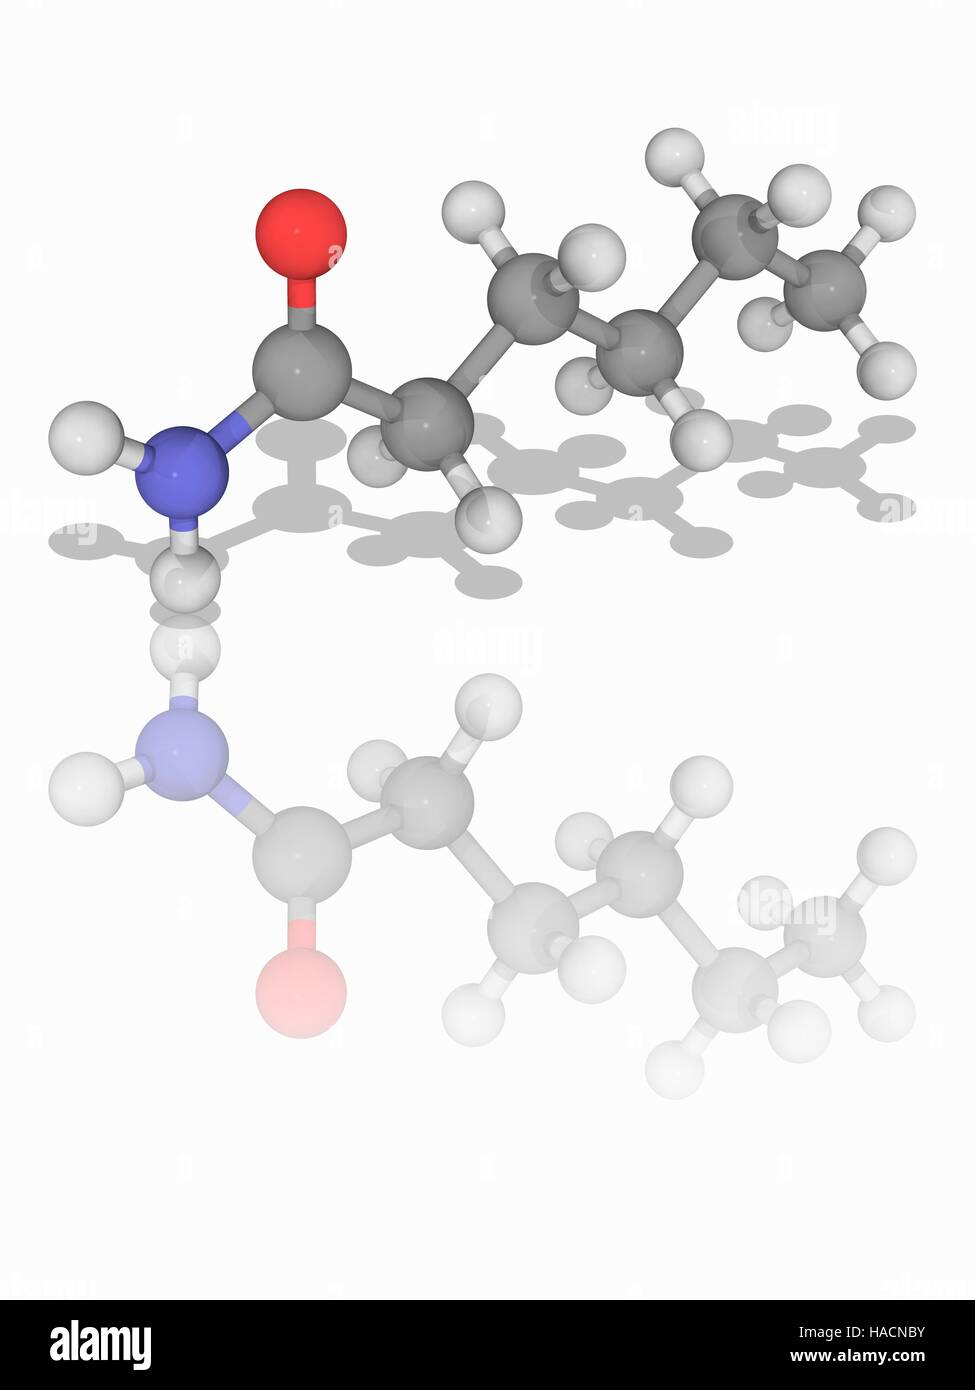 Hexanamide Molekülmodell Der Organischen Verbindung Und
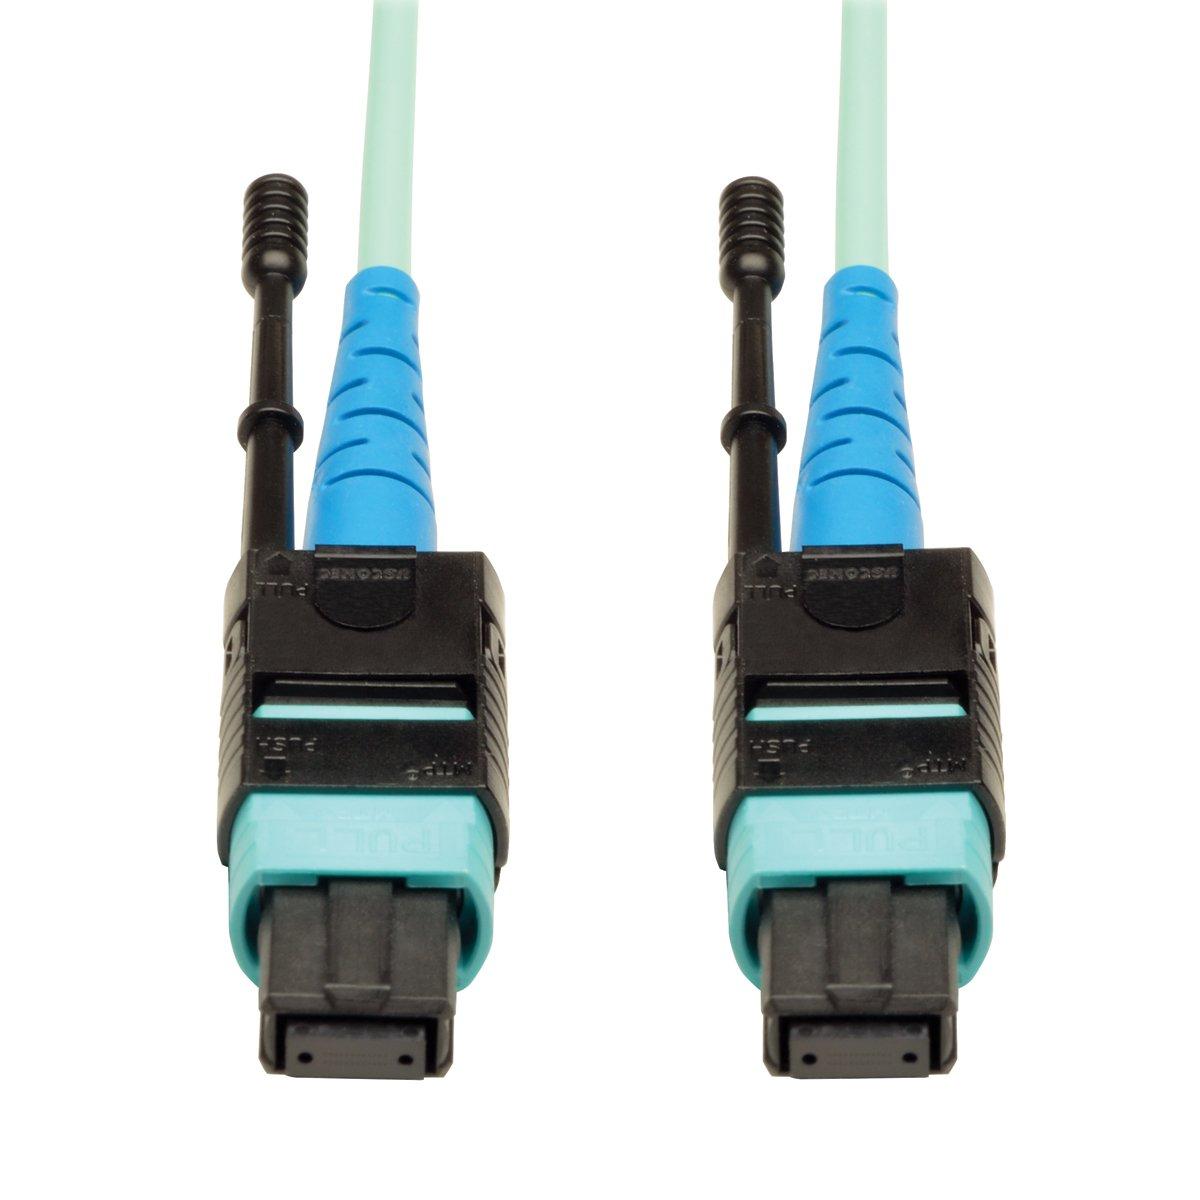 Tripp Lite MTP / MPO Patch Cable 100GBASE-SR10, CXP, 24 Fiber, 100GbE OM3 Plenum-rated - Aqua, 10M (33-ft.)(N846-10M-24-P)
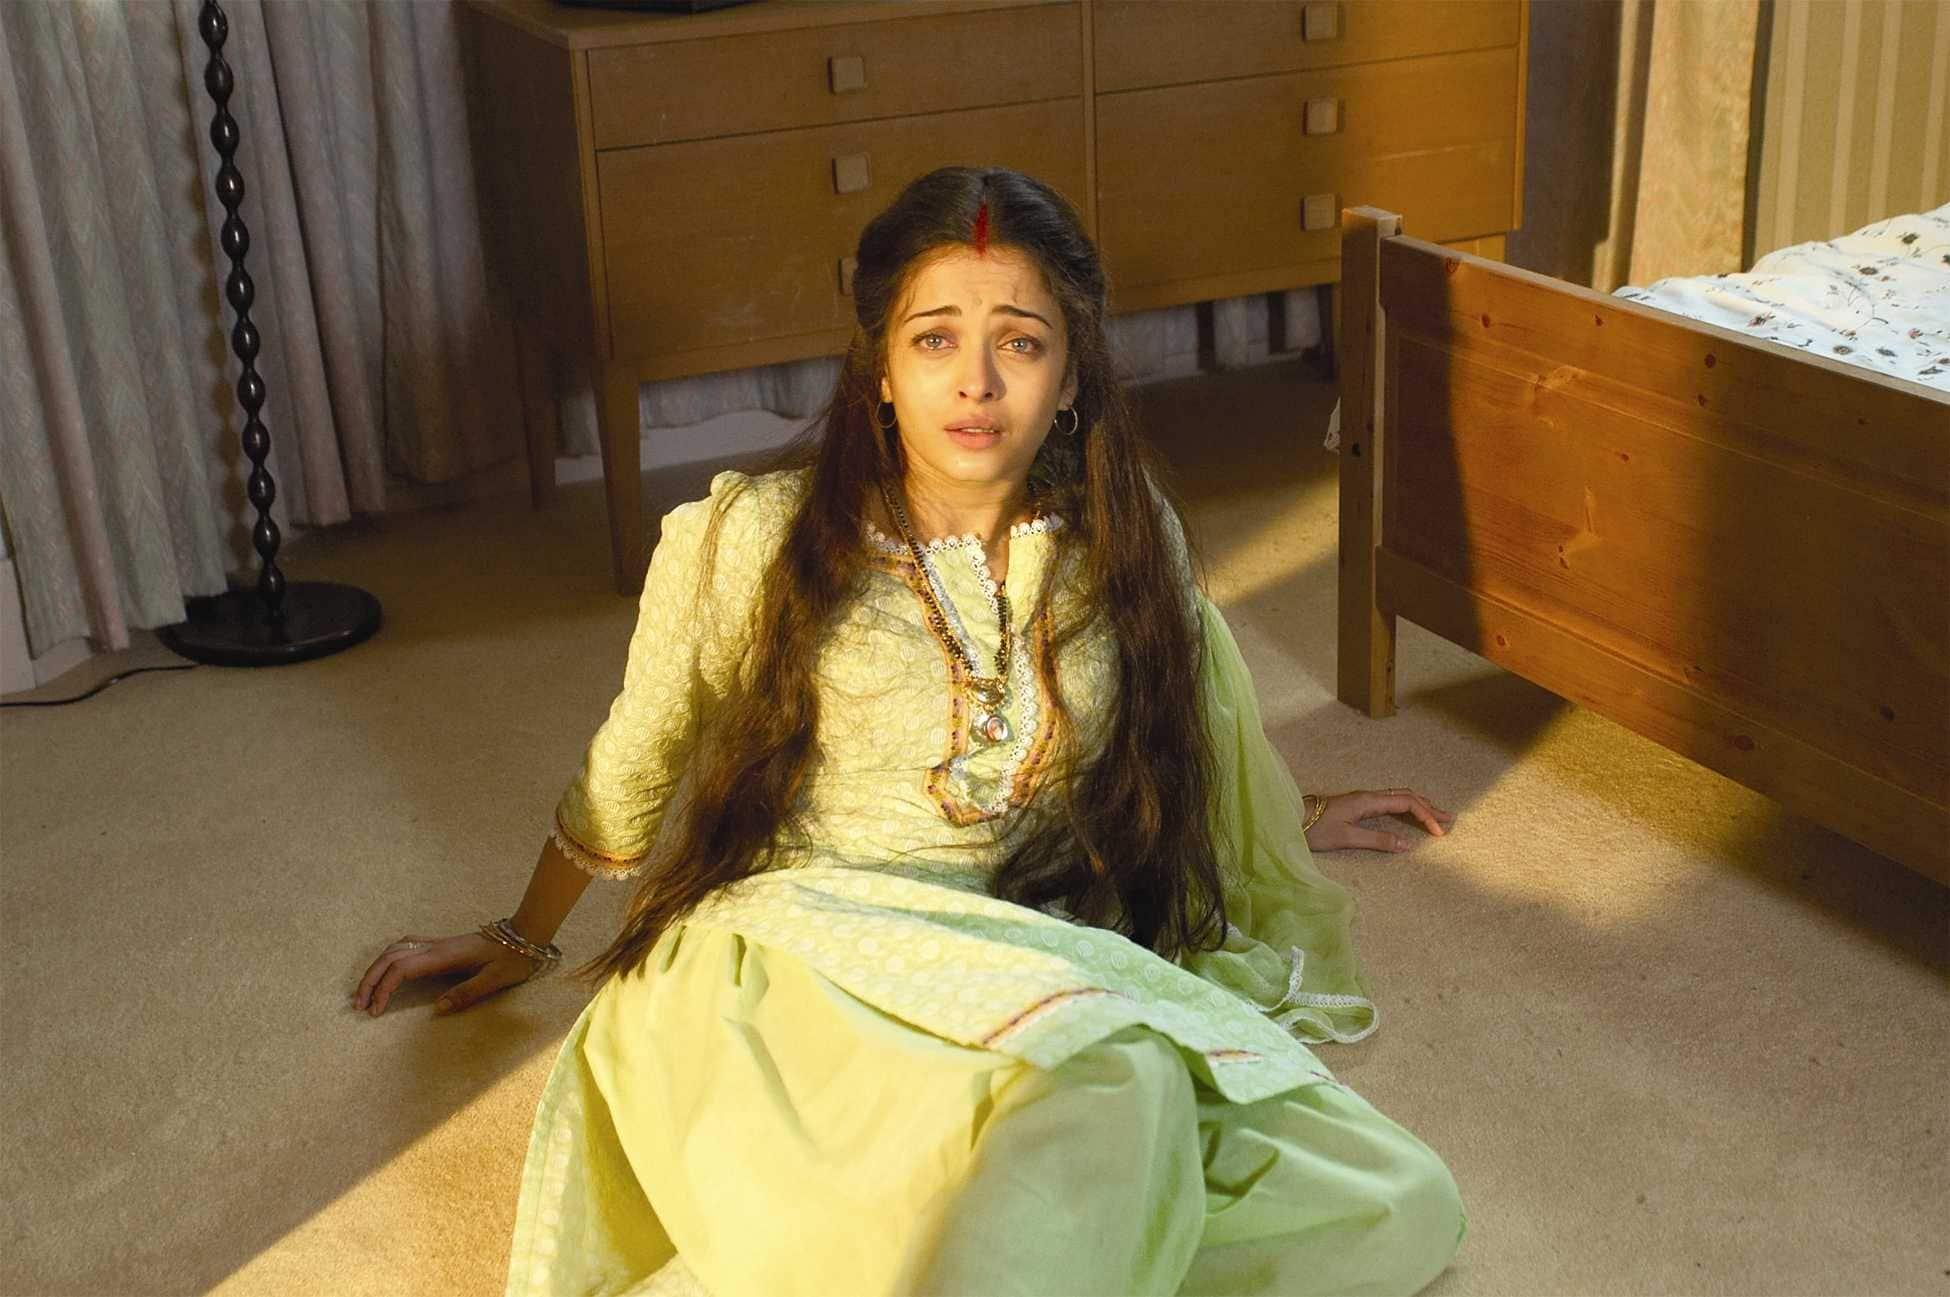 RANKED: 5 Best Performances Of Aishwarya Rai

■ Work to be completed ■
Word for word, repeat the material above and drop the pictures.

■ Output for this exercise ■
 Hexanamide Molekülmodell Der Organischen Verbindung Und
 Tripp Lite MTP / MPO Patch Cable 100GBASE-SR10, CXP, 24 Fiber, 100GbE OM3 Plenum-rated - Aqua, 10M (33-ft.)(N846-10M-24-P)
 RANKED: 5 Best Performances Of Aishwarya Rai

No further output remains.